Tesla FSD Beta v10.11 release notes
In a previous testing video of FSD Beta v10.9, we witnessed some unnecessary slowdowns at an unprotected left turn. Tesla has most probably looked at this troublesome scenario closely. We will know if it is completely fixed as the new testing videos start coming in a few days (stay tuned).
Navigation Improvements
Improved right of way understanding if the map is inaccurate or the car cannot follow the navigation. In particular, modeling intersection extends is now entirely based on network predictions and no longer uses map-based heuristics.
This improvement makes a positive step towards self-driving navigation where the maps are not available or map data is inaccurate. However, it is not clear how Tesla AI will decide if the map a car is currently following is inaccurate or not — perhaps, we will get an answer on this in future updates.
VRU Improvements
FSD Beta 10.4 was the first FSD Beta version that focused on vulnerable road user (VRU) detection and safety. Since then, VRUs are getting small updates.
In some scenarios (explained below), Tesla FSD Beta was falsely rendering pedestrians and bicycles, resulting in car braking. This false slowdown (phantom braking) is potentially a safety issue.
This is VRU-related phantom braking but there is another type of phantom braking that Tesla owners globally face when for example a Tesla car falsely predicts an oncoming truck.
In the FSD Beta 10.8 update, Tesla detailed its efforts to reduce phantom braking. Now VRU-based false slowdowns are being addressed in 10.11.
– Improved the precision of VRU detections by 44.9%, dramatically reducing spurious false-positive pedestrians and bicycles (especially around tar seams, skid marks, and raindrops). This was accomplished by increasing the data size of the next-gen autolabeler, training network parameters that were previously frozen, and modifying the network loss functions. We find that this decreases the incidence of VRU-related false slowdowns.
– Reduced the perdicted velocity error of very close-by motorcycles, scooters, wheelchairs, and pedestrians by 63.6%. To do this, we introduced a new dataset of simulated adversarial high-speed VRU interactions. This update improves autopilot control around fast-moving and cutting-in VRUs.

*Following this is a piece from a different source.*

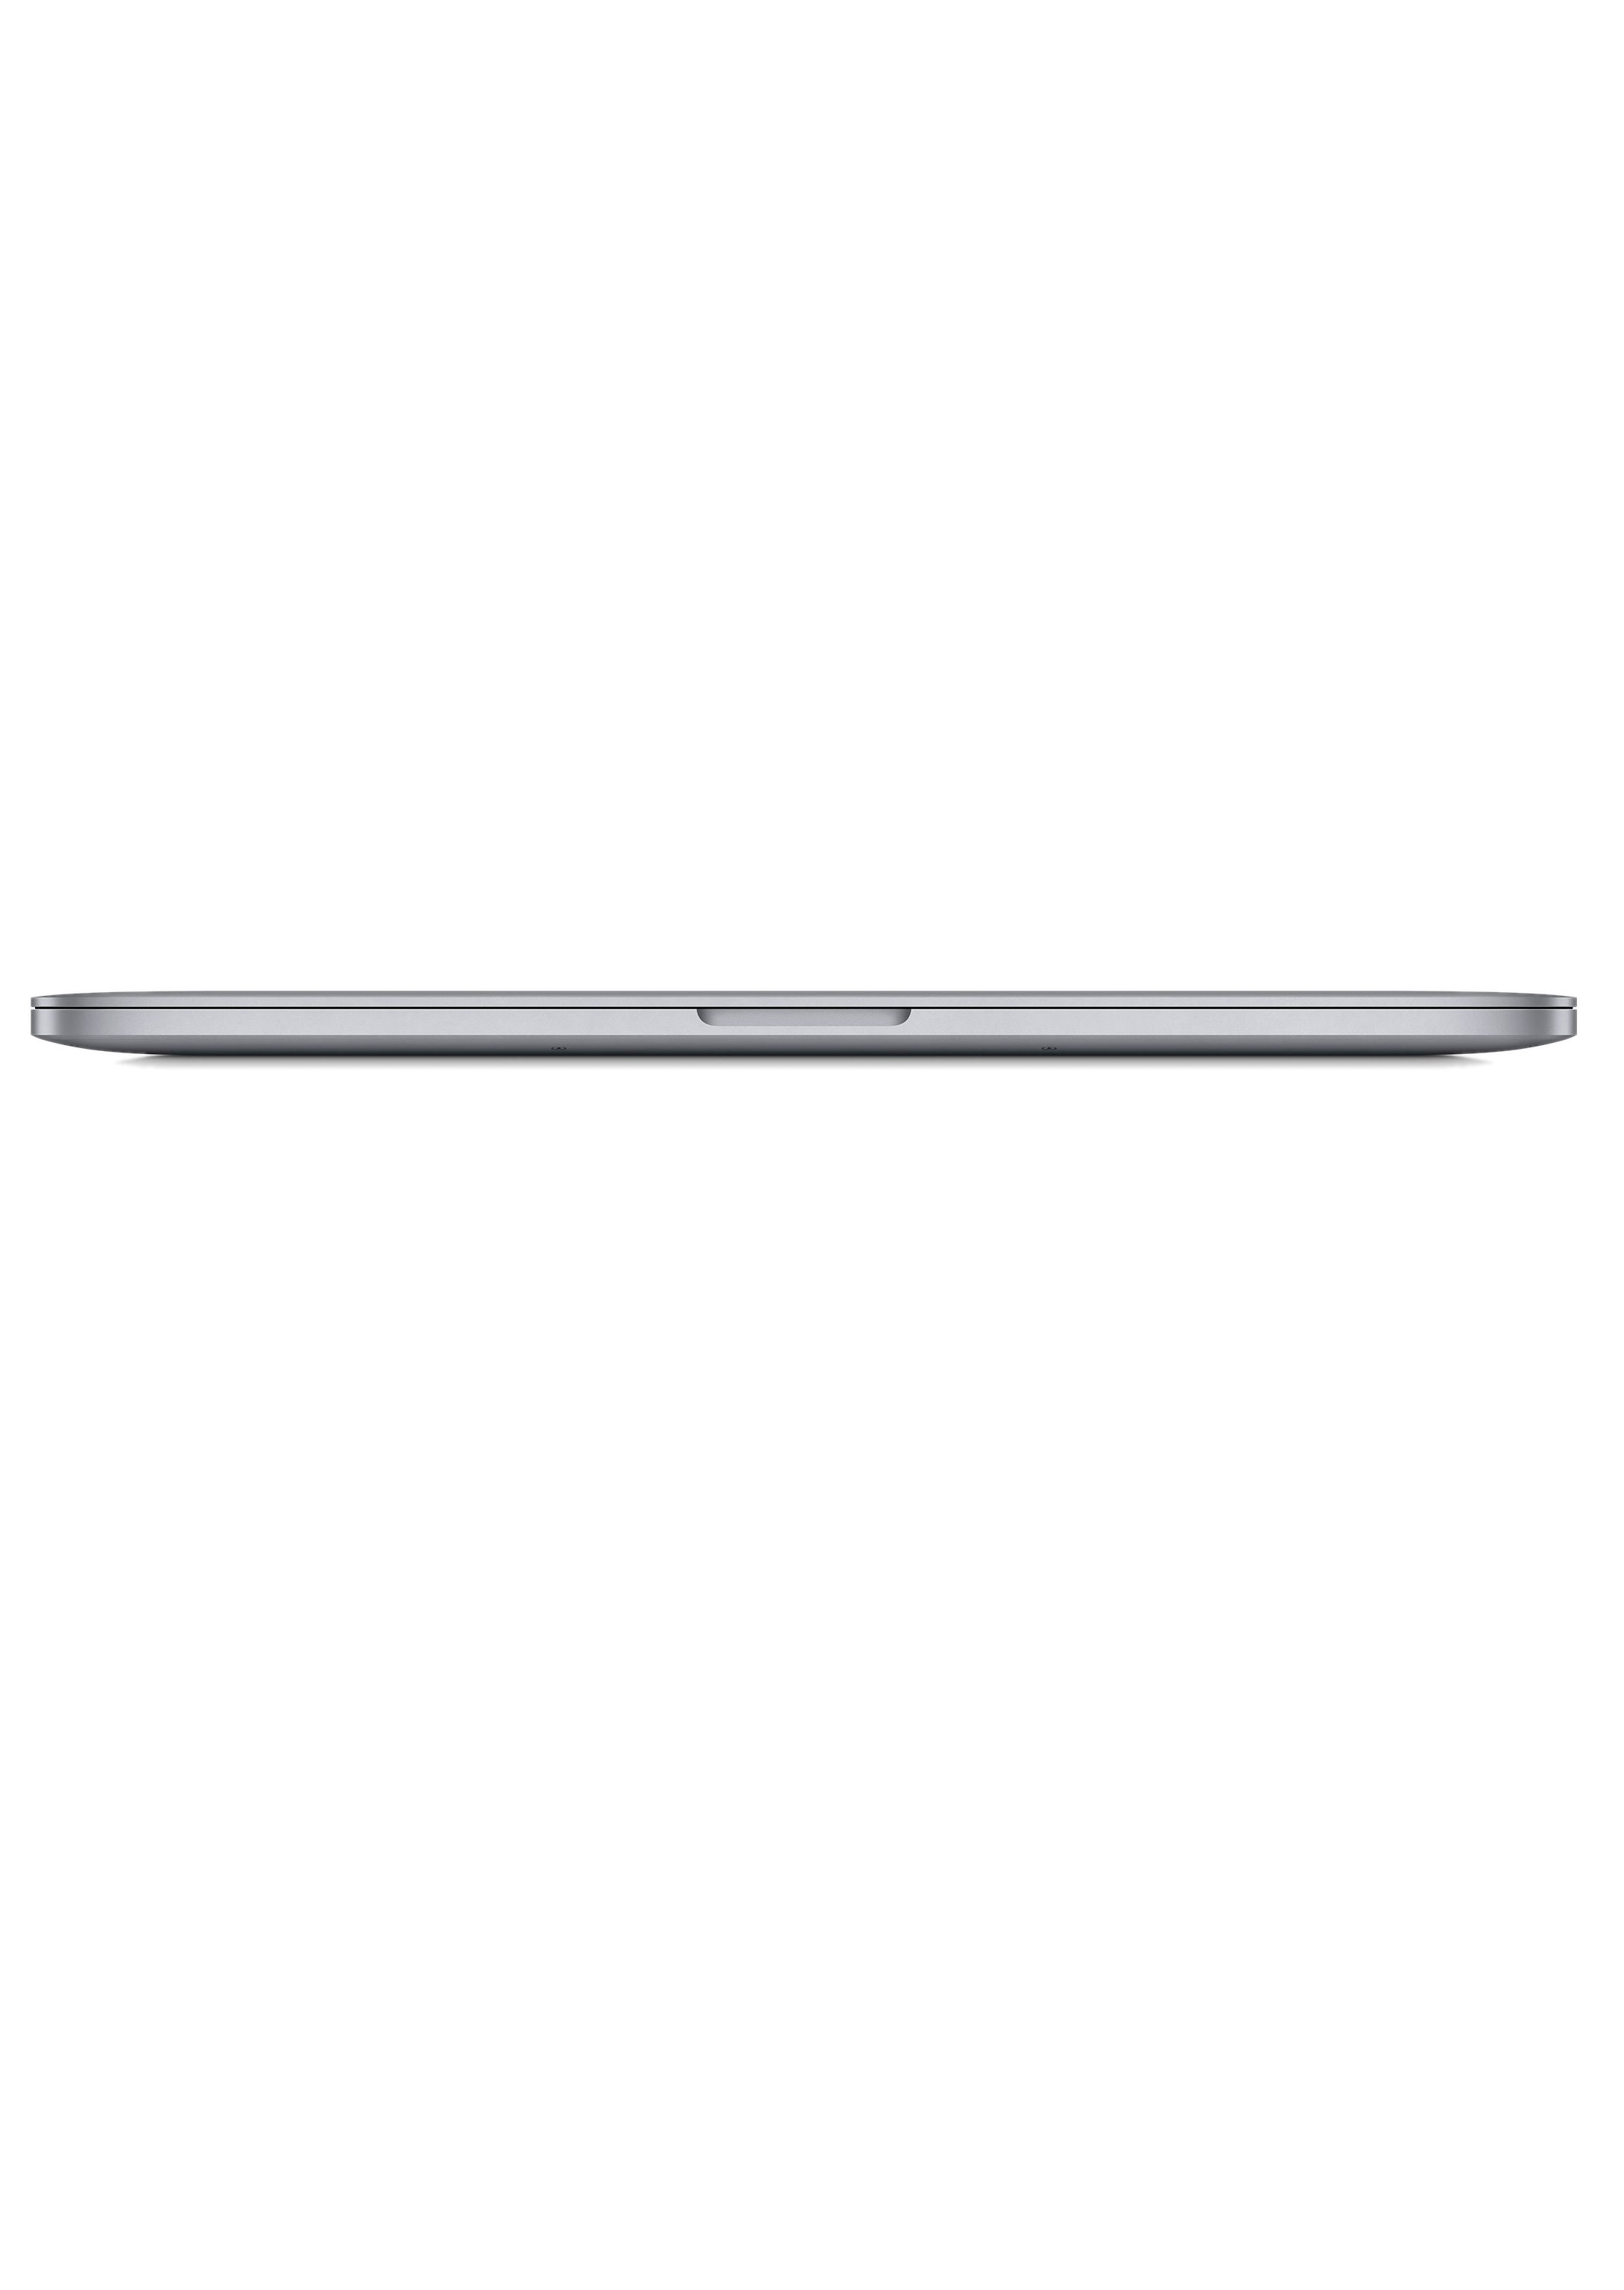 16-inch MacBook Pro: 2,6‑GHz 6‑core i7-processor - 512 GB SSD - 16 GB RAM - AMD Radeon Pro 5300M - Spacegrijs (Nieuw)

Tesla FSD Beta v10.11 release notes
Other Improvements
– Improved creeping profile with a higher jerk when creeping stance and ends.
-Improved control for nearby obstacles by predicting continuous distance to static geometry with a general static obstacle network.

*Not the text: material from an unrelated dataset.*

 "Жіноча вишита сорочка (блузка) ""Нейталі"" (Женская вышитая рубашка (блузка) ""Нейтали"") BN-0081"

-Reduced vehicle “parked” attribute error rate by 17%, achieved by increasing the dataset by 14%. Also improved brake light accuracy.
-Improved clear-to-go scenario velocity error by 5% and highway scenario velocity error by 10%, achieved by tuning loss function targeted at improving performance in difficult scenarios.
-Improved detection and control for open car doors.
Improved smoothness through turns by using an optimization-based approach to decide which road lines are irrelevant for control given lateral and longitudinal acceleration and jerk limits as well as vehicle kinematics.-Improved stability of the FSD UI visualizations by optimizing the ethernet data transfer pipeline by 15%.
-Improved recall for vehicles directly behind ego, and improved precision for vehicle detection network.
Tesla FSD Beta v10.11 release notes
It is particularly amazing that Tesla explicitly shares the % of improvements it has made in specific areas and scenarios.
The openness about the expansion of its AI-related physical infrastructure is also commendable and poses another challenge for the traditional automakers — can they be as open as Tesla, probably not in the foreseeable future.